Further—and I know it's coming up to morning tea, but I will just say one more thing—we really do need to establish a national compensation scheme. We have set out a framework for that at the end of our submission. The framework for the scheme sets out eligibility criteria. A person would be eligible for compensation if they have experienced a crime of modern slavery in Australia, if they have experienced harm as a result of that crime and if the application is lodged within two years, with some discretion. The scheme is essentially administrative in nature, modelled on existing schemes in the Commonwealth, but this scheme would provide real benefit to forgotten people, forgotten slaves, in Australia—those who have experienced such egregious harm and trauma in their lives. A compensation scheme provides formal recognition for people who had suffered here. It also provides a small amount of financial compensation that will help them take a different direction in their lives.

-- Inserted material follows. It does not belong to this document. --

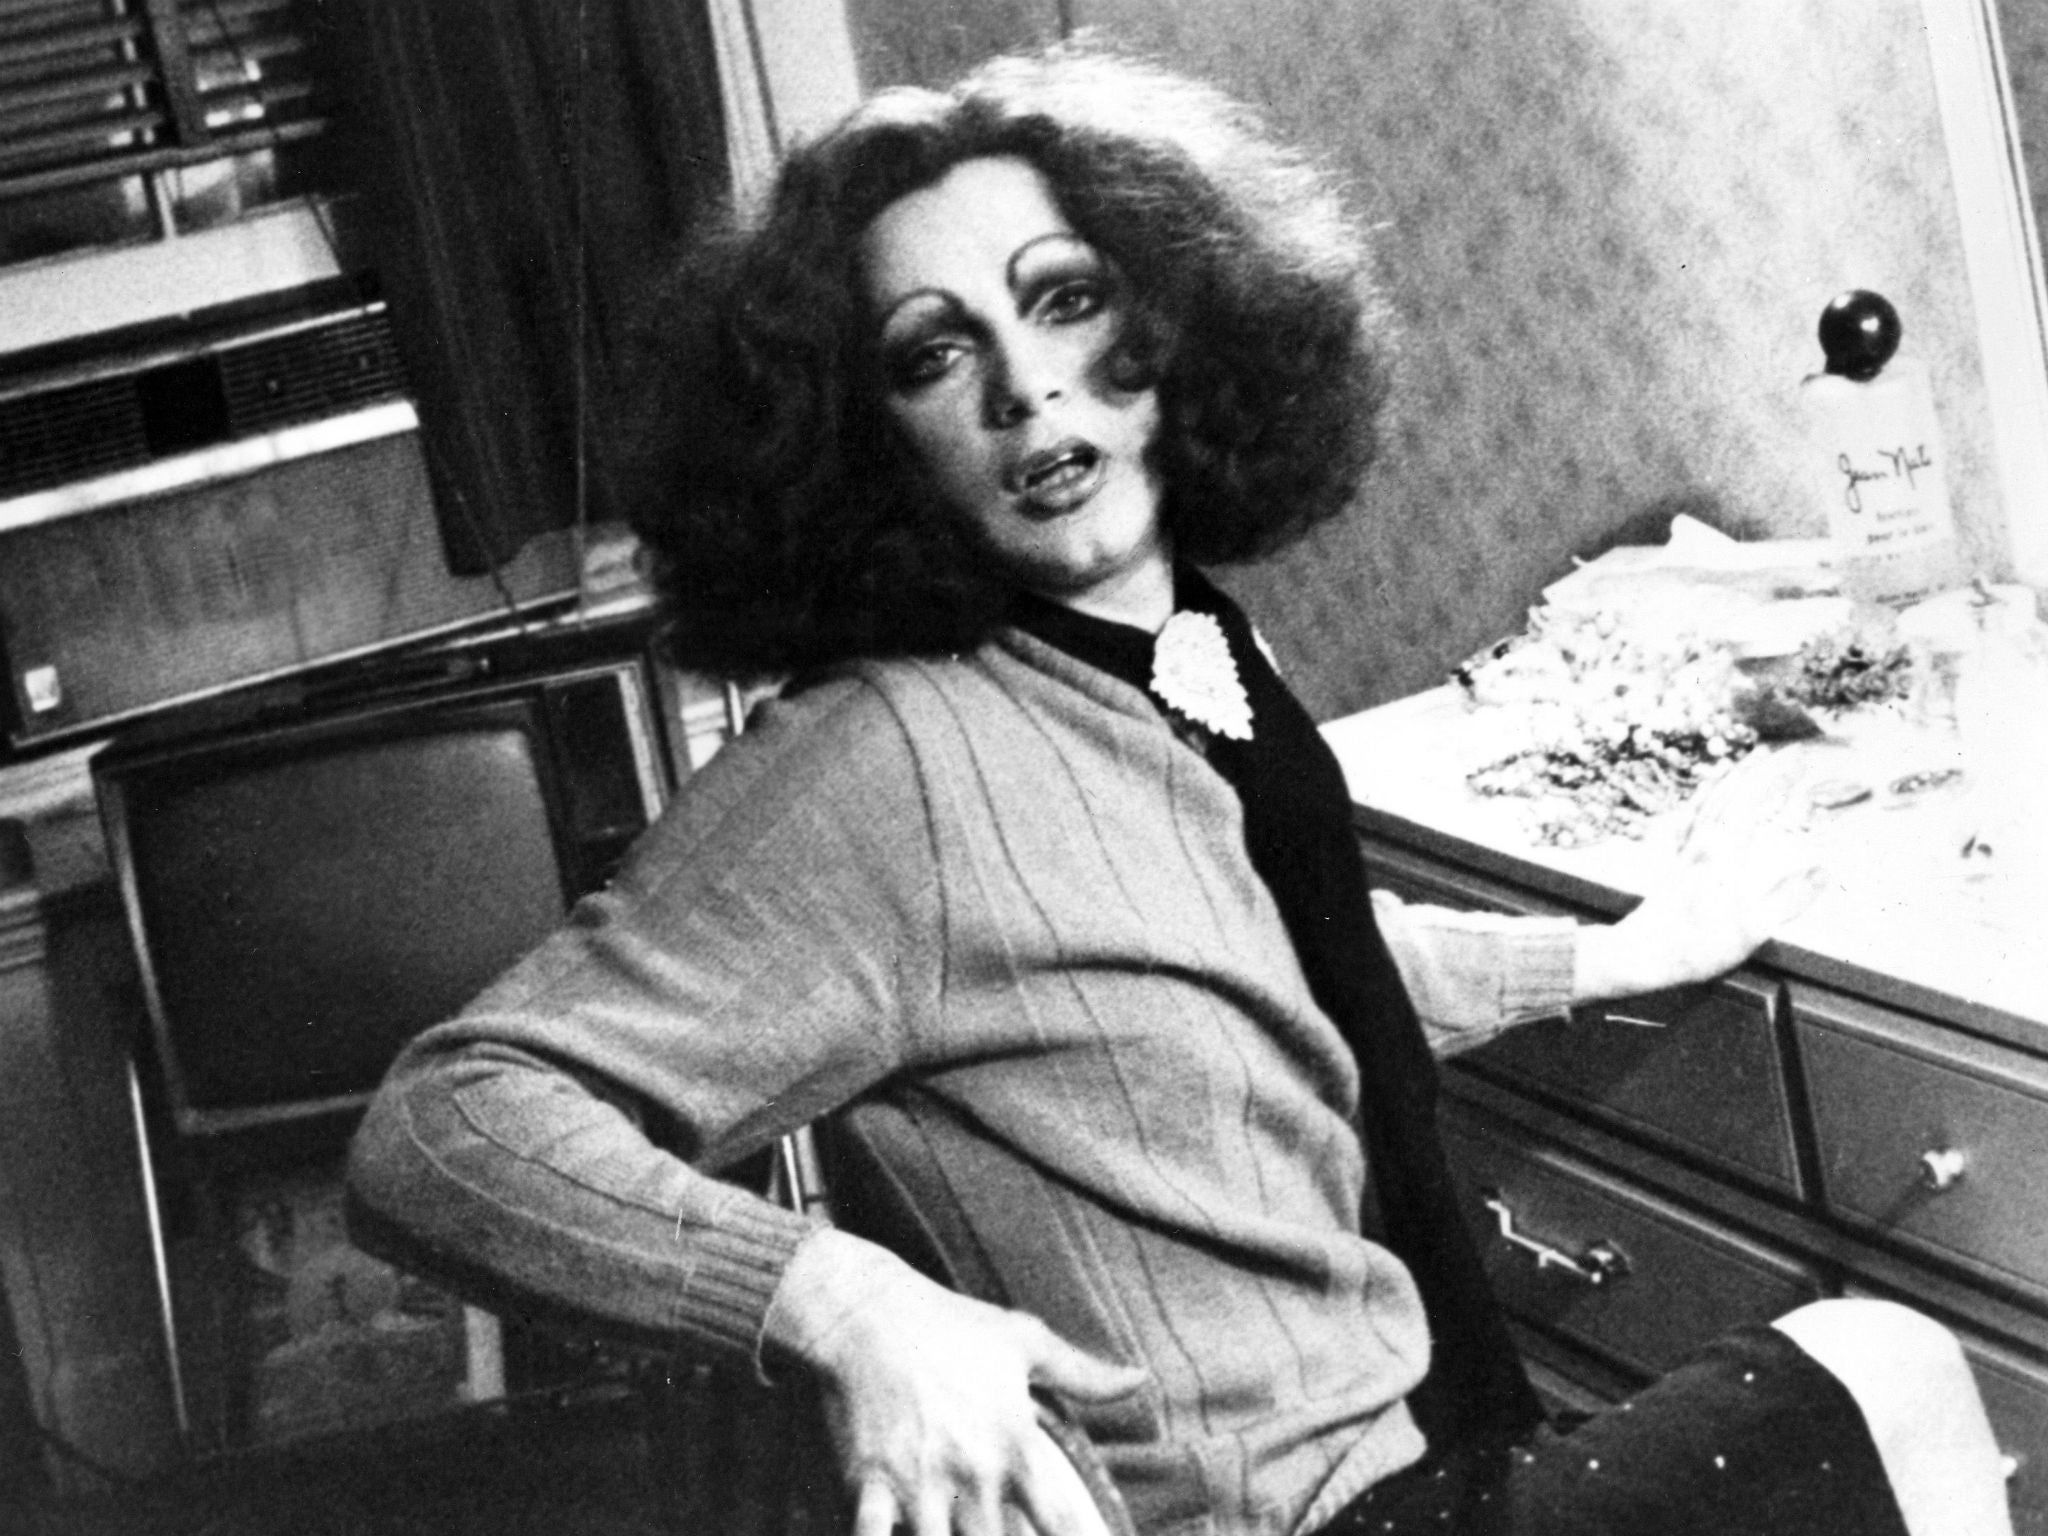 Holly Woodlawn Dead Transgender Actress And Inspiration Behind Lou Reed Song Dies Aged 69 The
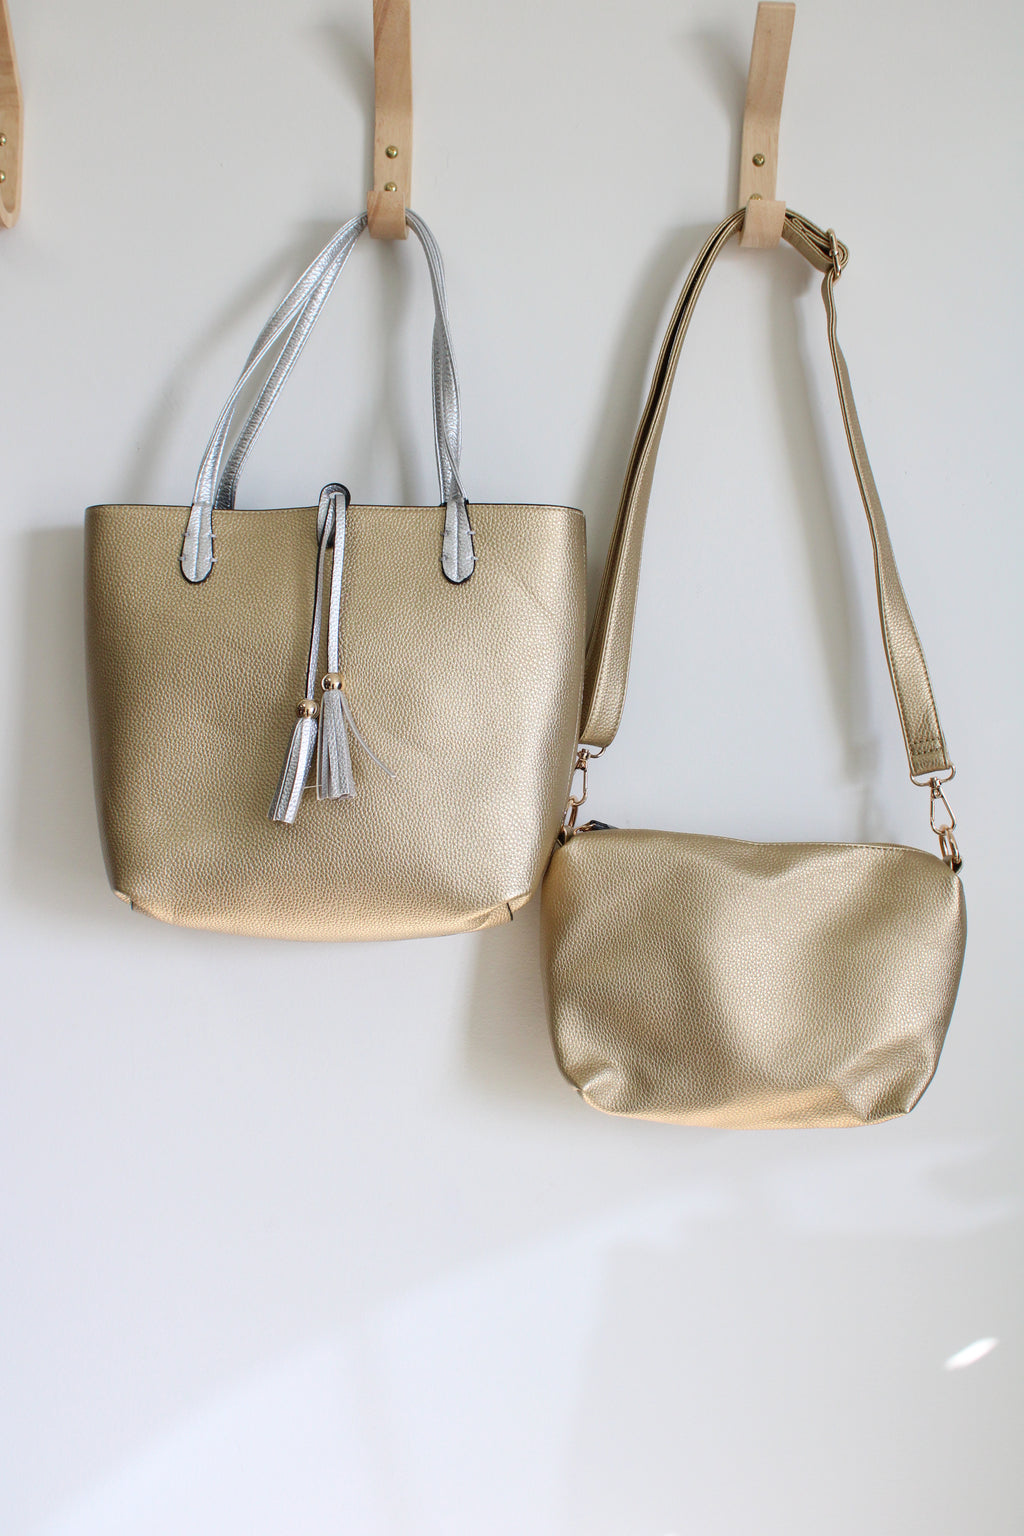 NEW Stein Mart Two-Toned Gold Silver Tote & Crossbody Purse Set

It will help them move towards recovery.

I and Fiona McLeod, whom you heard from yesterday, have long submitted through many fora that Australia should establish a national compensation scheme. Two committee reports were handed down last year, one by the Joint Committee on Law Enforcement and the other by the joint standing committee. Each of those committees recommended the establishment of a national compensation scheme. We've costed it to be $5 million in each year. We've looked at historical data to evidence that costing. It would make a real difference to those in Australia who have been trafficked and enslaved, so I would commend that to the community.

Senator PRATT: Thank you both very much for your evidence.

Prof. Burn : On behalf of Paul, if the committee would like any additional information about any of these aspects, including further consideration on the issue of penalties, we'd be very happy to provide it.

Senator PRATT: Thank you.

CHAIR: Thanks very much for that offer, and for your written submission and for how you've helped the committee here today. We very much appreciate your assistance. With that, I'll adjourn the hearing until quarter past 11, when we'll hear from the Property Council of Australia.